Only half of the studies (Sculean et al., 2002; Sculean et al., 2007; Sculean et al., 2005a) assessed in the present review reported all major clinical periodontal parameters (PD, CAL, REC, PI, GI, and BOP) and only one study (Kuru et al., 2006) assessed RBL. A comparison of only clinical parameters in the absence of RBL does not allow accurate prediction of periodontal outcomes (Haffajee et al., 1983). In addition, none of the studies assessed the subgingival microbial flora of the treated periodontal defects which is essential for an accurate surrogate assessment of periodontal recovery. Also, studies aimed at comparing the effectiveness of EMD+BG and BG or EMD through the use of biomarkers present in oral fluids are recommended (Taba., et al 2005) to accurately assess the efficacy of these GTR materials.

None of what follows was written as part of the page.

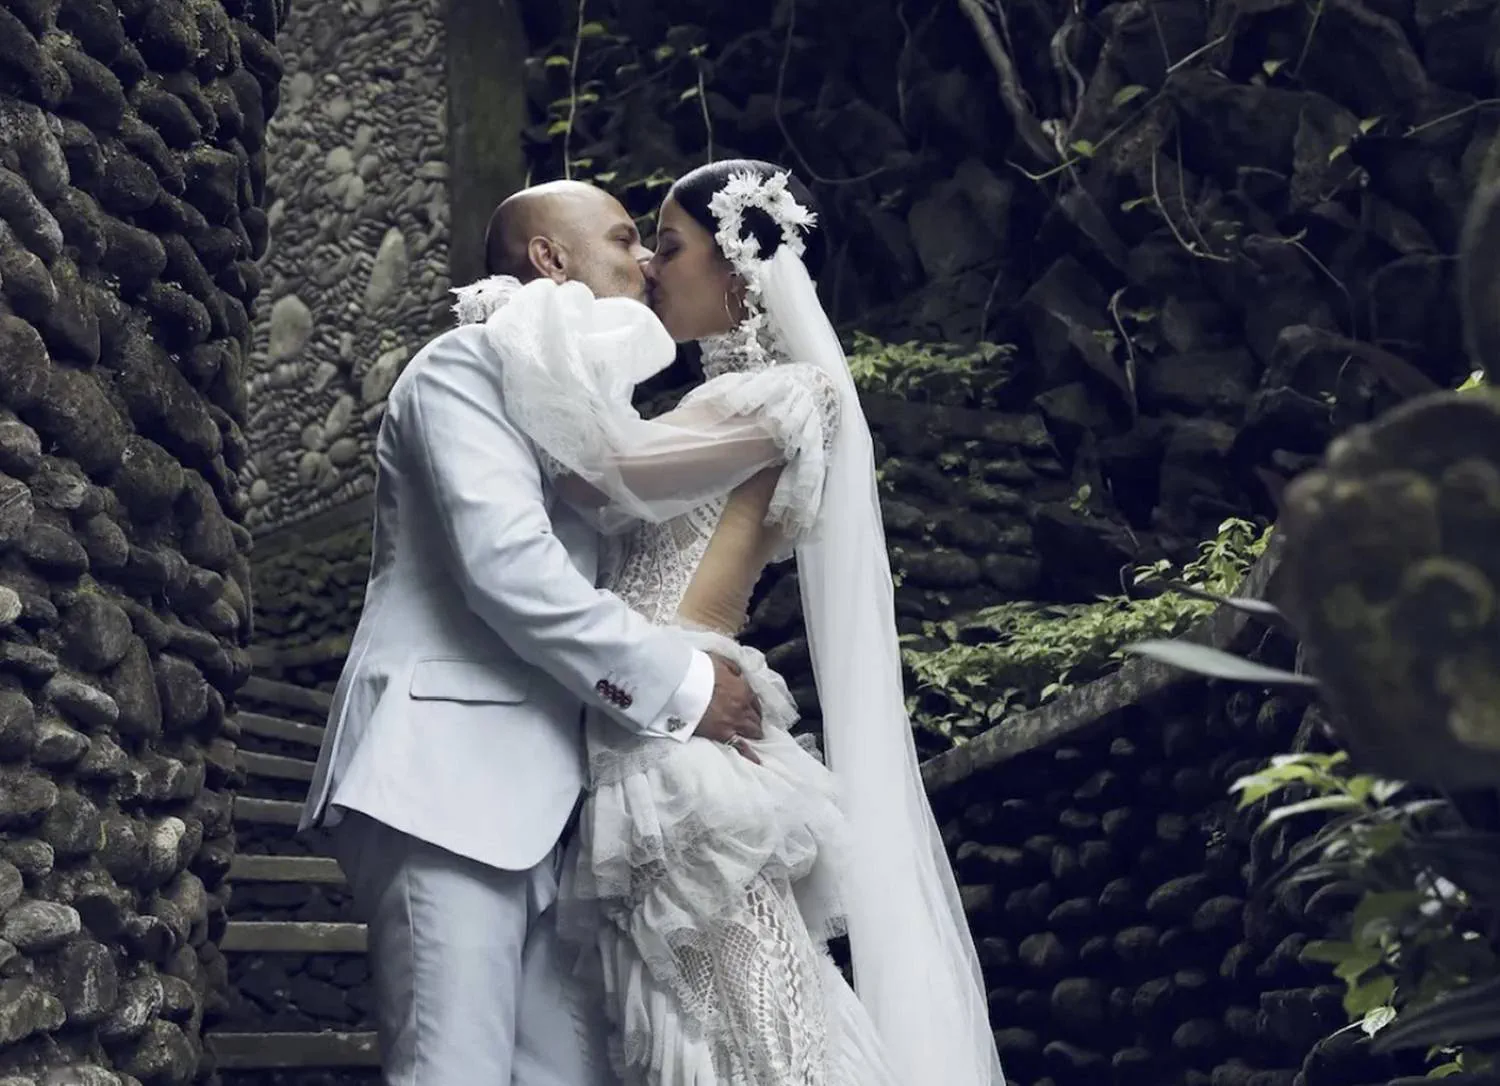 Sweet & Cute Couple Photography, Wedding Photography in Bali

The study by Sculean et al. (2005b) also assessed the use of EMD+BG histologically and observed that healing around EMD+BG showed more mineralized tissue, PDL, and cementum. Conversely, when BG was used alone, more epithelial cellular growth was seen, suggesting that EMD+BG is more effective than BG. This lack of bone of formation around BG has been observed previously as well. Nevins et al observed that using BG to fill periodontal defects (Nevins et al., 2000) resulted in cellular growth that was characterized by the formation of junctional epithelium and limited formation of mineralized tissue and clinical attachment. The findings suggest that using BG alone decreases the likelihood of the formation of mineralized tissue. However, these histological observations are in contrast to the clinical findings shown in this systematic review i.e. comparable clinical outcomes for the use of EMD with and without BG in the management of periodontal osseous defects. Therefore, further randomized controlled trials aiming to assess the clinical and histological outcomes of the use of EMD with and without BG in the management of periodontal osseous defects are recommended.

CONCLUSION

It remains unclear whether the efficacy of EMD in the management of periodontal osseous defects is improved when it is used in combination with BG as compared to when EMD is used alone given that the number of selected studies was relatively low and reported parameters were inconsistent.